* _Your assignment_: Print the listing below a second time, exactly, and omit its images.

* _Data provided_:
▬▬▬
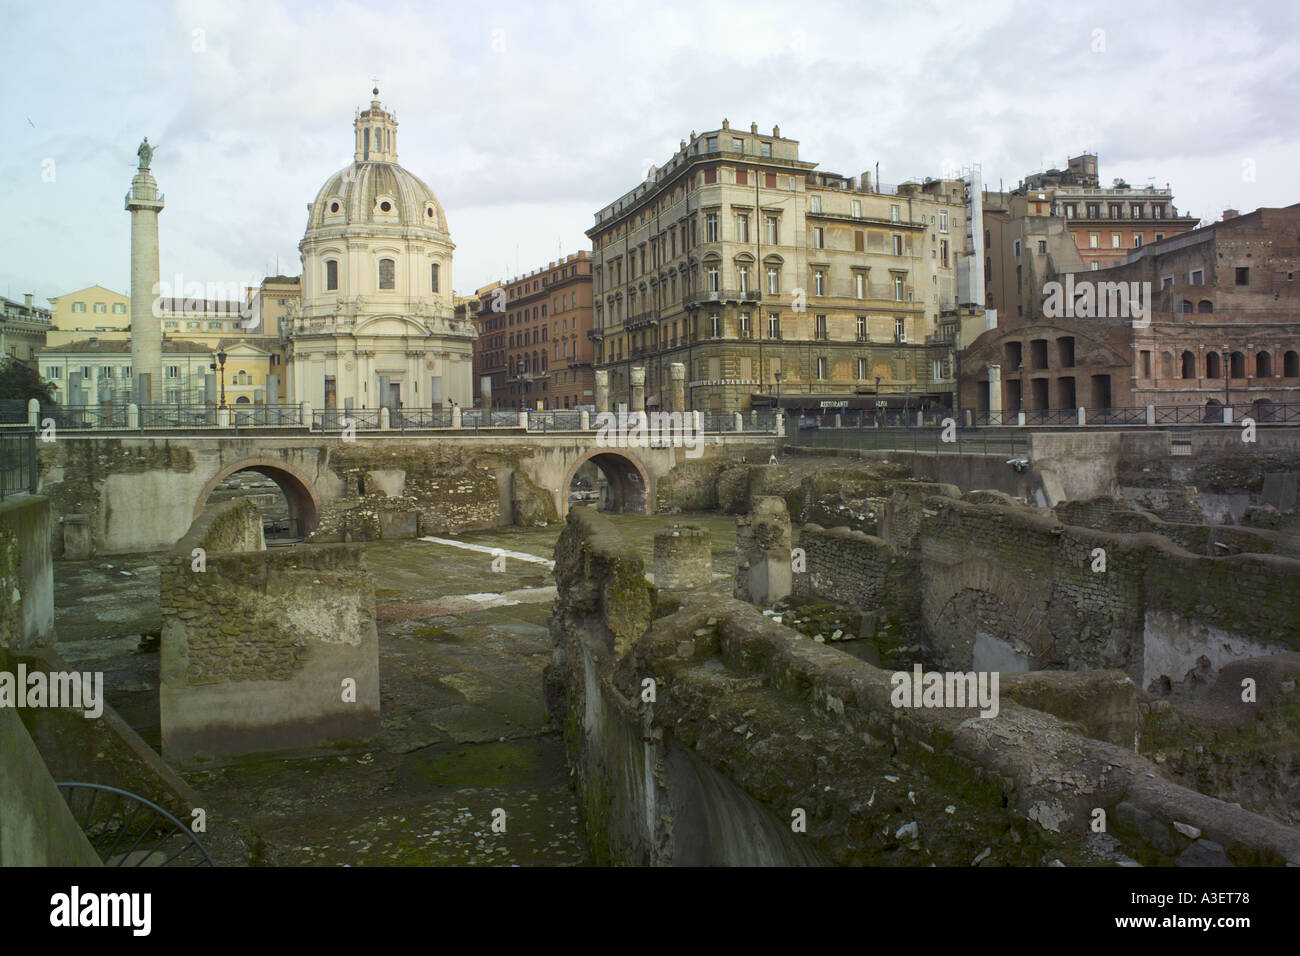 Rome Italy Europe The Eternal City The Eternal City view across ruins to the Trajan Forum Foro Traiano Stock Photo
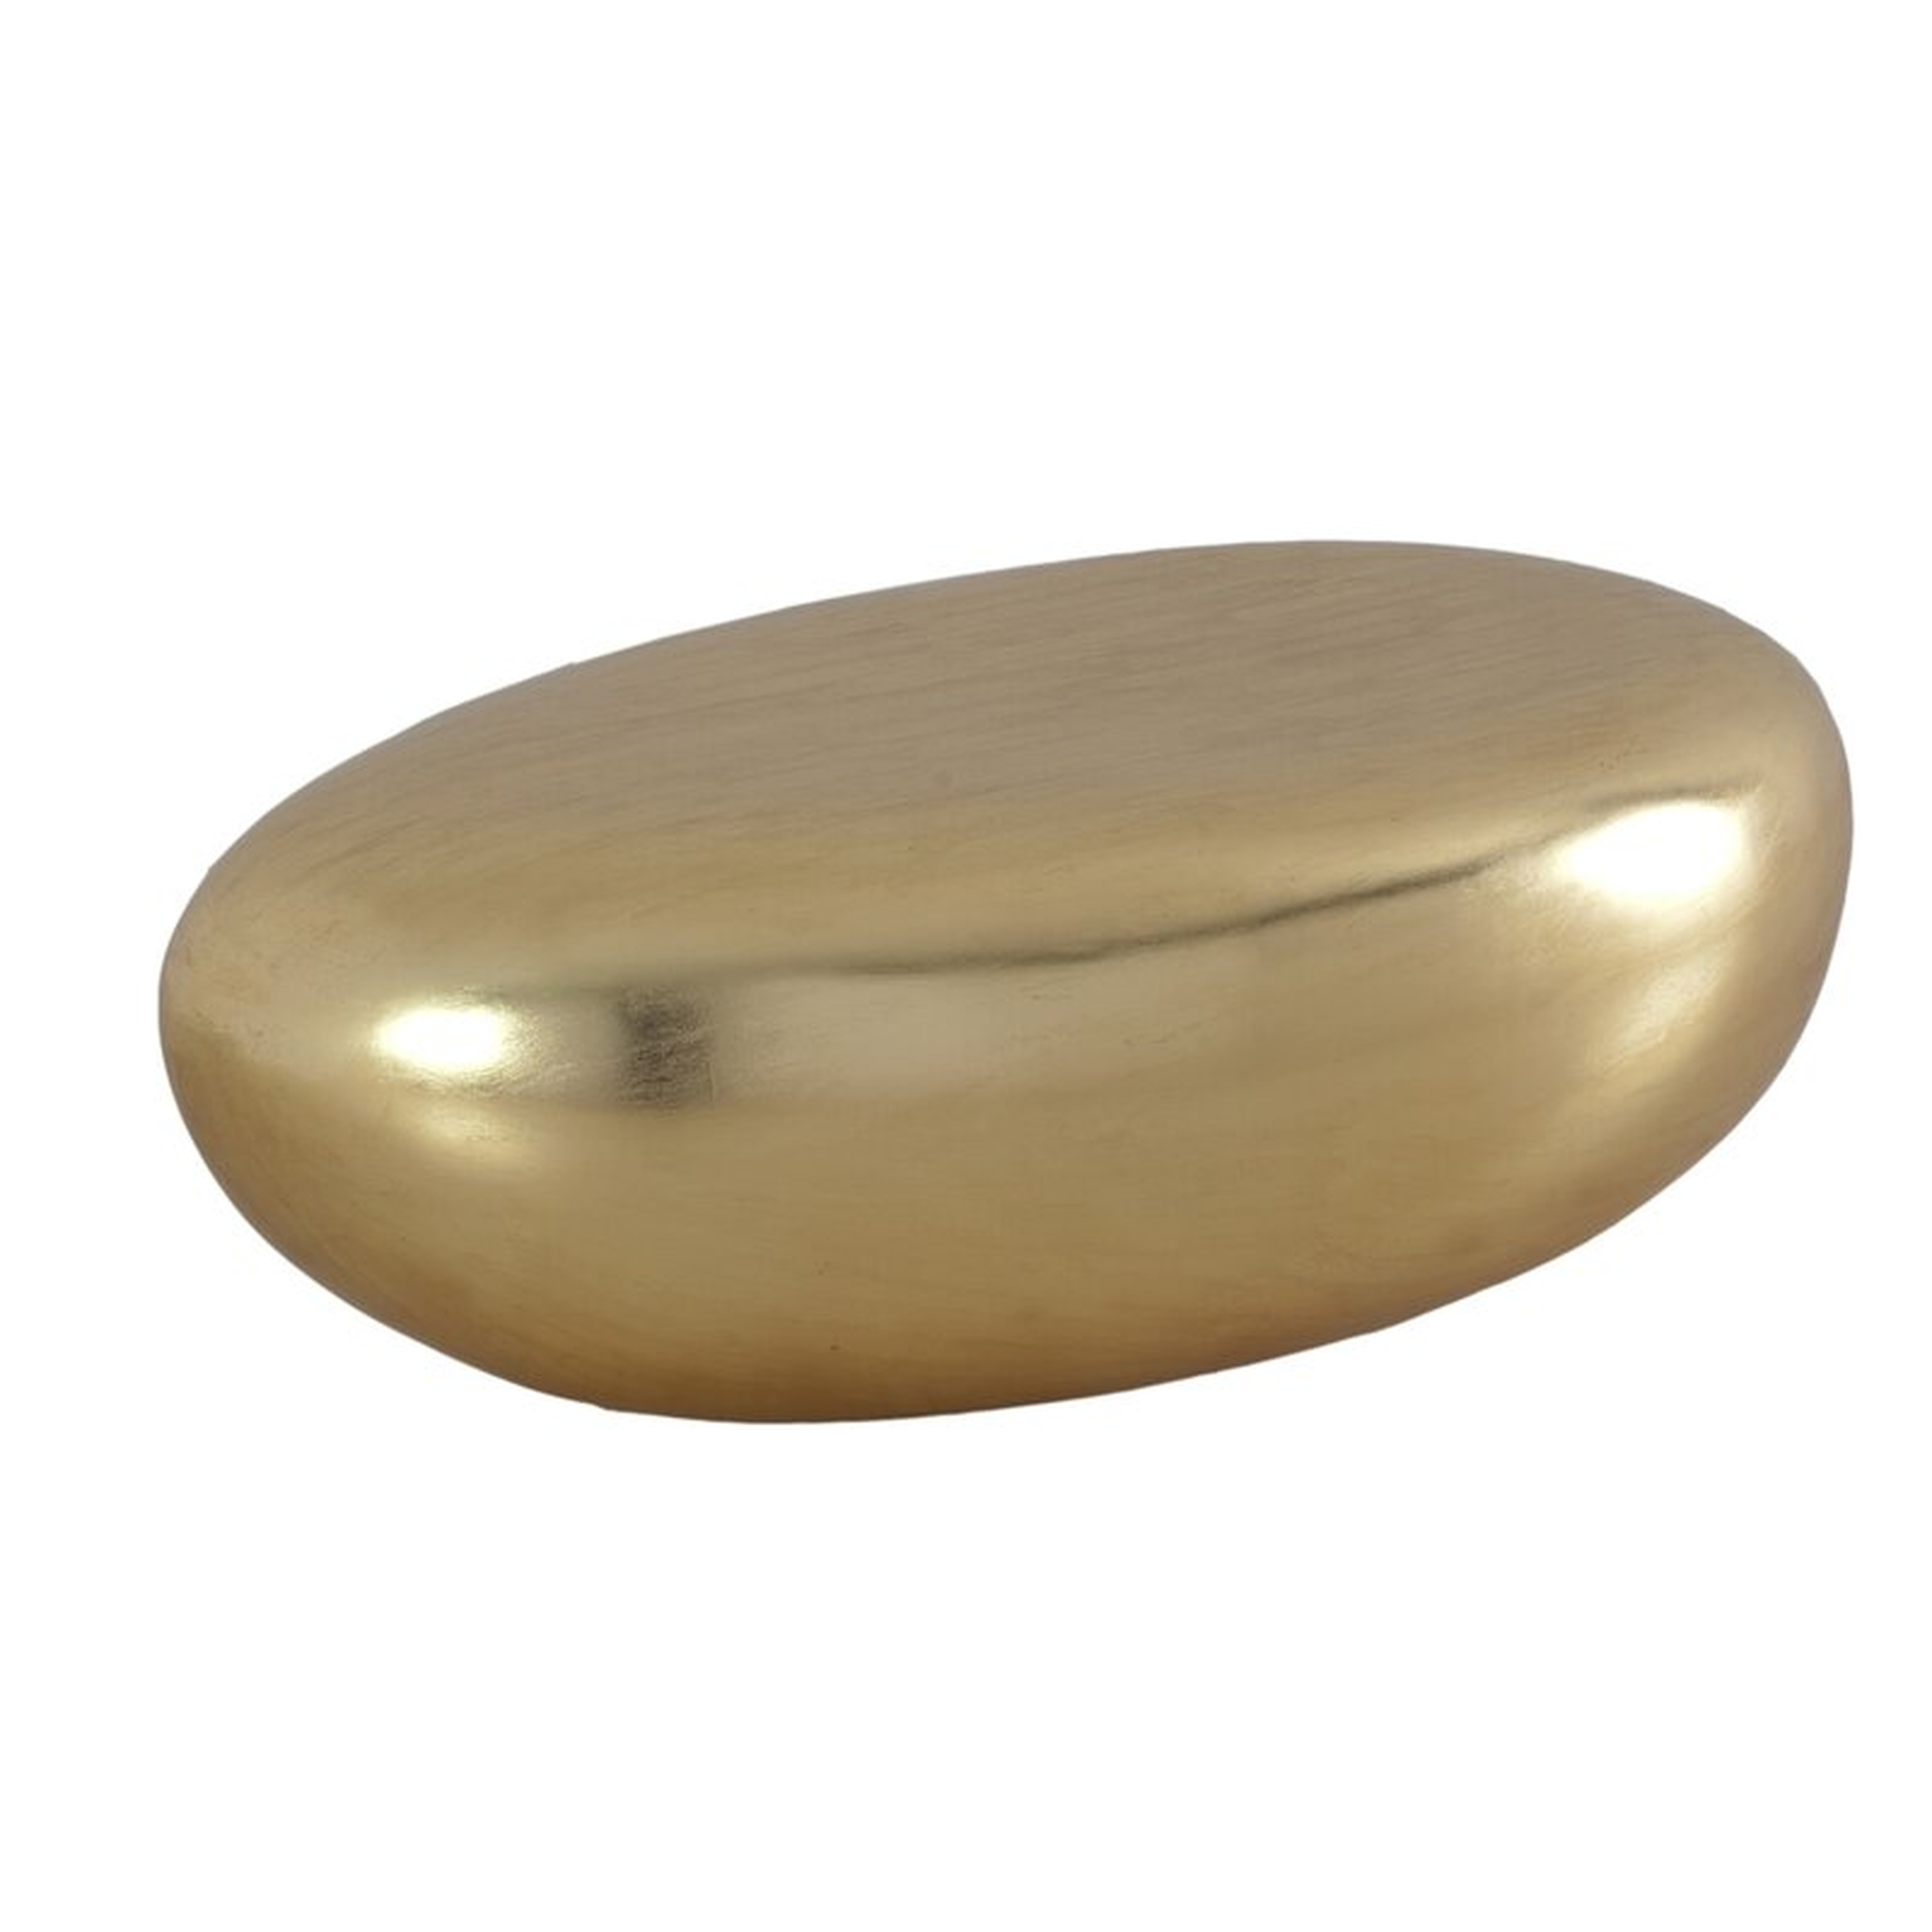 Phillips Collection River Stone Abstract Coffee Table Size: 16" H x 54" L x 34" W, Color: Gold Leaf - Perigold
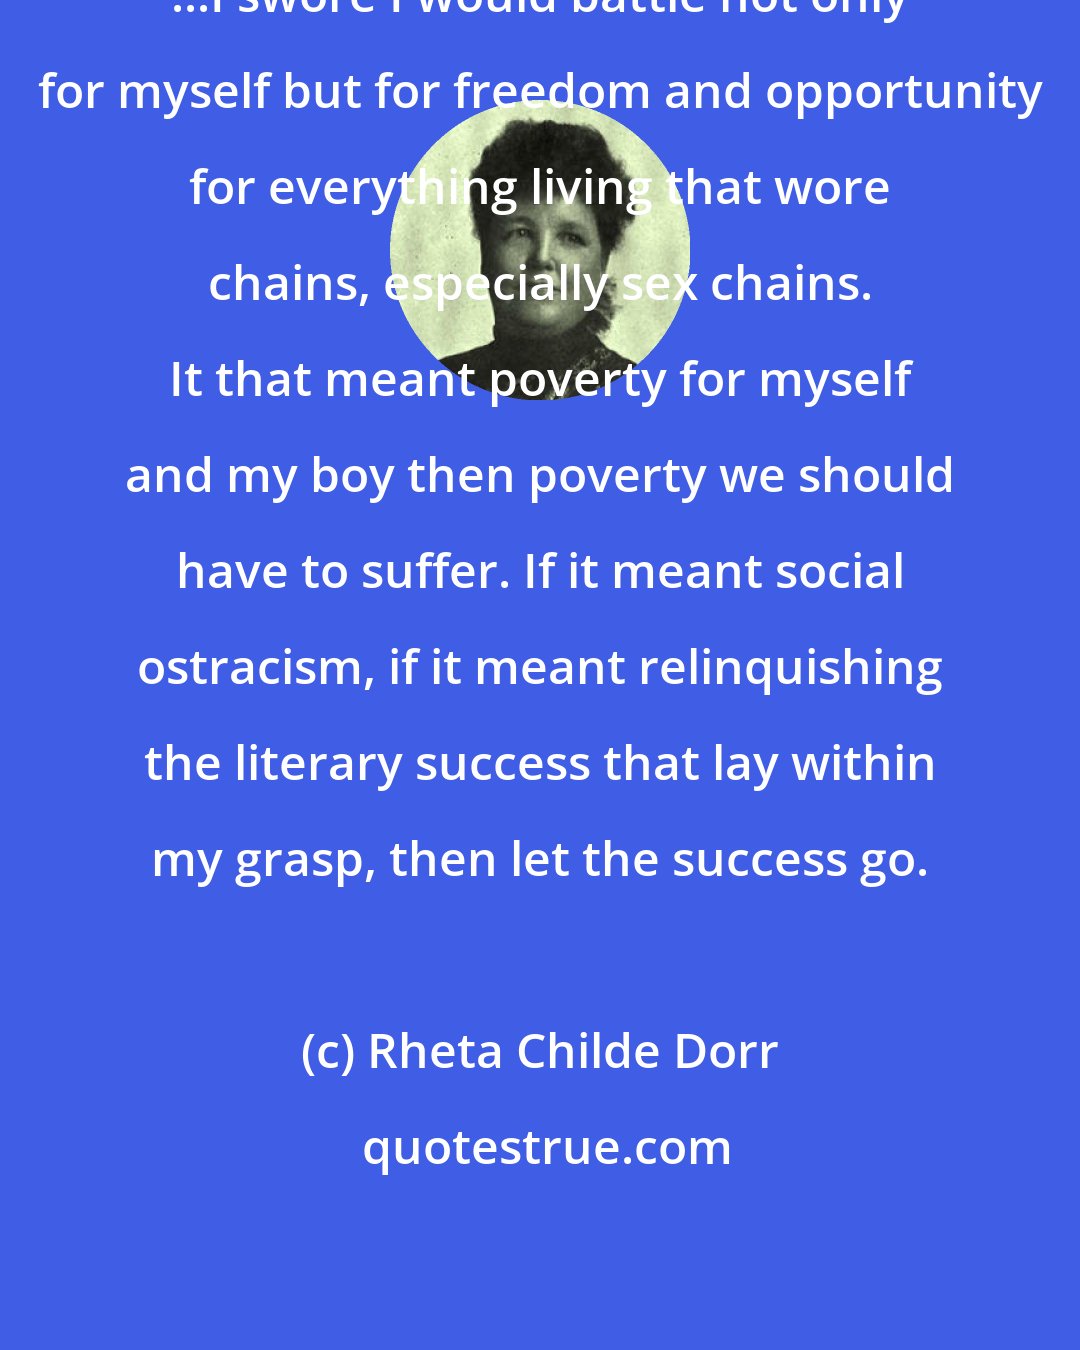 Rheta Childe Dorr: ...I swore I would battle not only for myself but for freedom and opportunity for everything living that wore chains, especially sex chains. It that meant poverty for myself and my boy then poverty we should have to suffer. If it meant social ostracism, if it meant relinquishing the literary success that lay within my grasp, then let the success go.
▬▬▬
* _Result_:
 Rome Italy Europe The Eternal City The Eternal City view across ruins to the Trajan Forum Foro Traiano Stock Photo
 Phillips Collection River Stone Abstract Coffee Table Size: 16" H x 54" L x 34" W, Color: Gold Leaf - Perigold
 Rheta Childe Dorr: ...I swore I would battle not only for myself but for freedom and opportunity for everything living that wore chains, especially sex chains. It that meant poverty for myself and my boy then poverty we should have to suffer. If it meant social ostracism, if it meant relinquishing the literary success that lay within my grasp, then let the success go.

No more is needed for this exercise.